# Instructions to follow
Print the listing below only from the line that has "Proud Grandpa of" through the line that has "tipos de máquinas", exactly, and drop any picture.

# Entries supplied
* * *

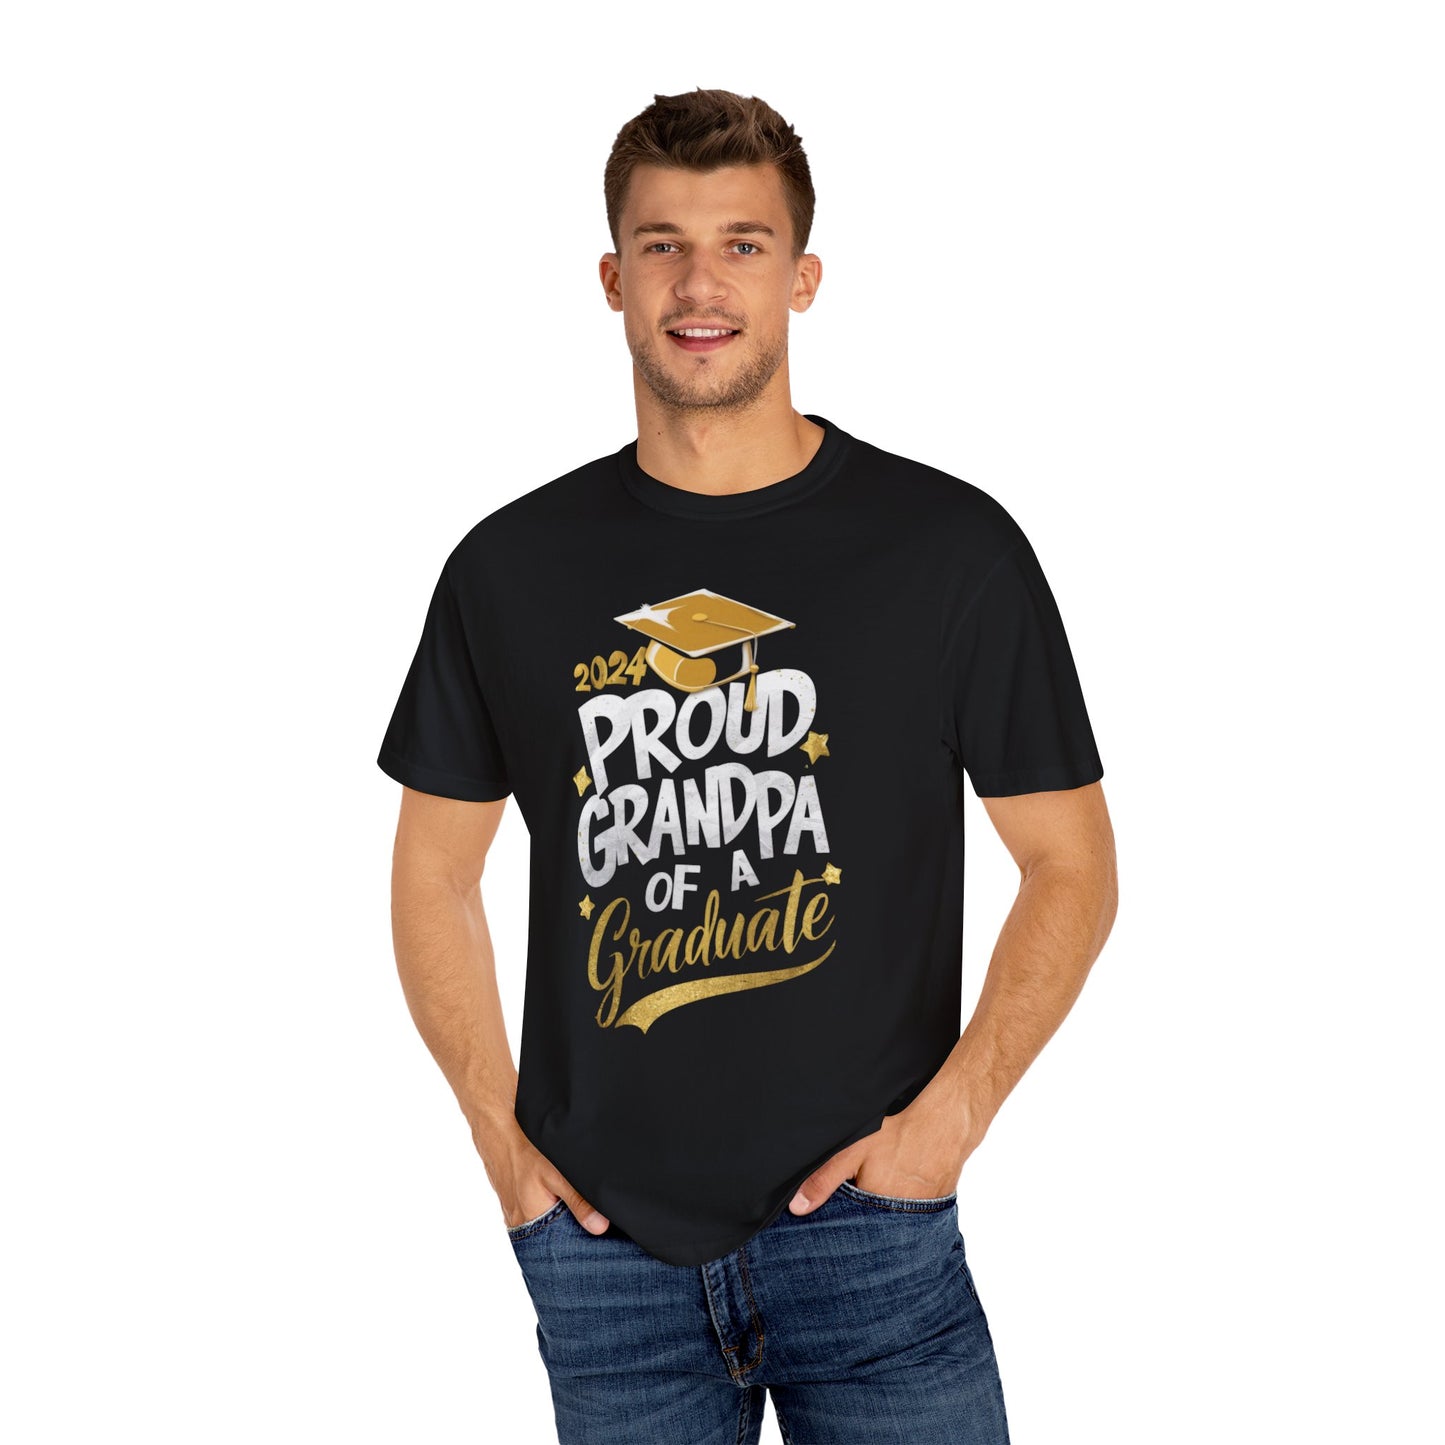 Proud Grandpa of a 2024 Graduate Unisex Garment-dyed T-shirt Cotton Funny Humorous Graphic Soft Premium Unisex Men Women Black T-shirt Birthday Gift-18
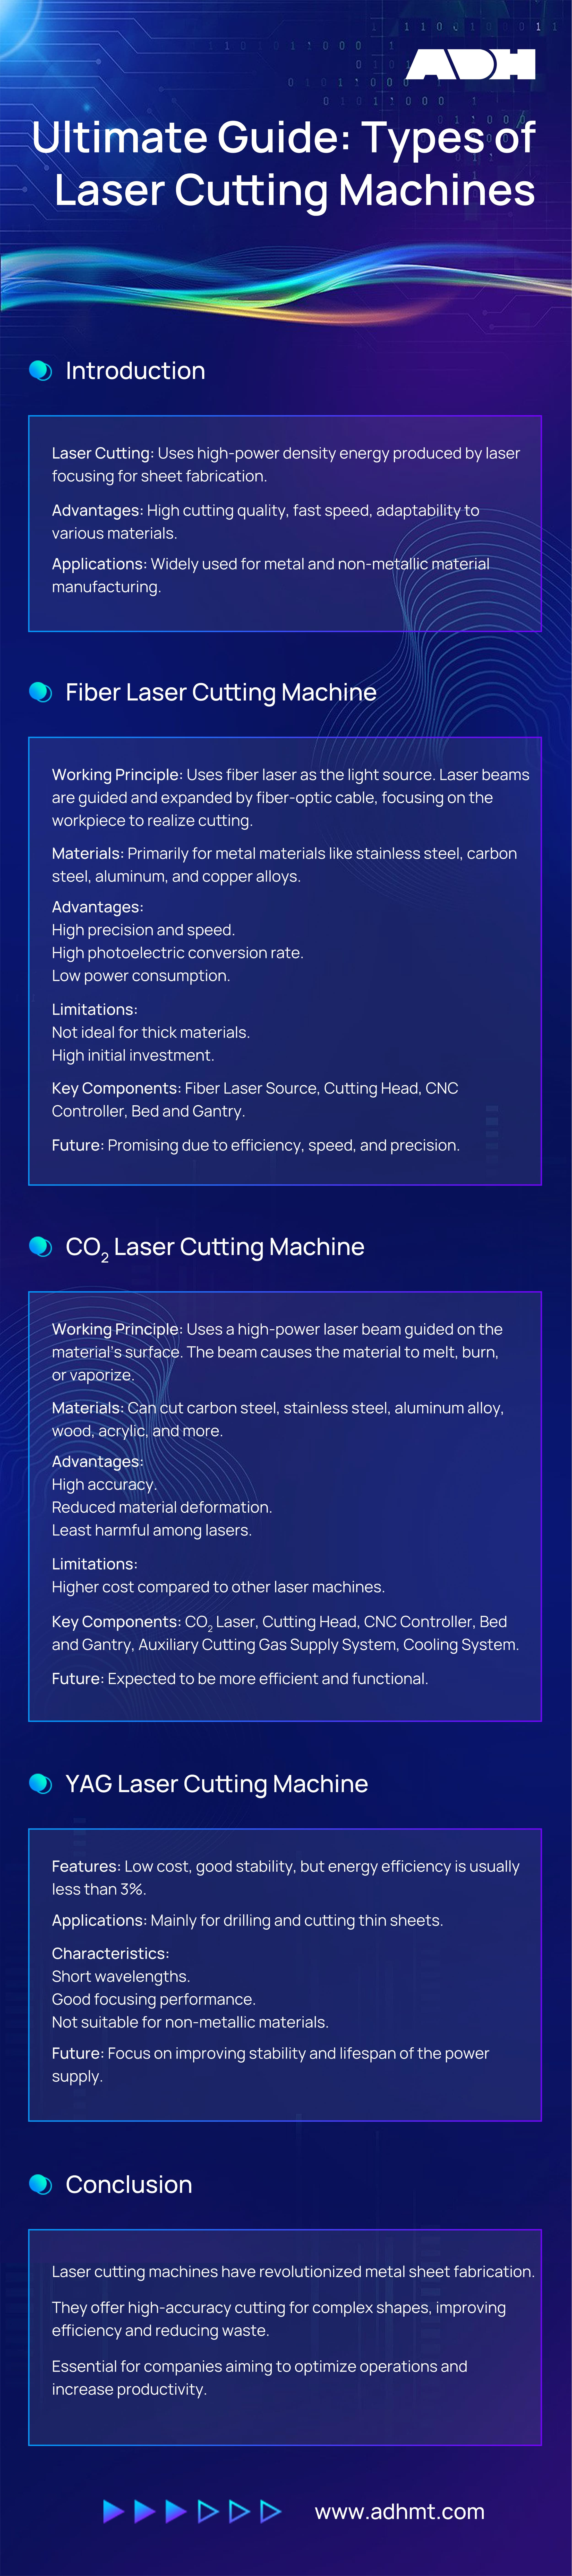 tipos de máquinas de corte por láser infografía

* * *

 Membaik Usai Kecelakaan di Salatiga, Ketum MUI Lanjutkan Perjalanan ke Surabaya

* * *

# Expected answer
 Proud Grandpa of a 2024 Graduate Unisex Garment-dyed T-shirt Cotton Funny Humorous Graphic Soft Premium Unisex Men Women Black T-shirt Birthday Gift-18
 tipos de máquinas de corte por láser infografía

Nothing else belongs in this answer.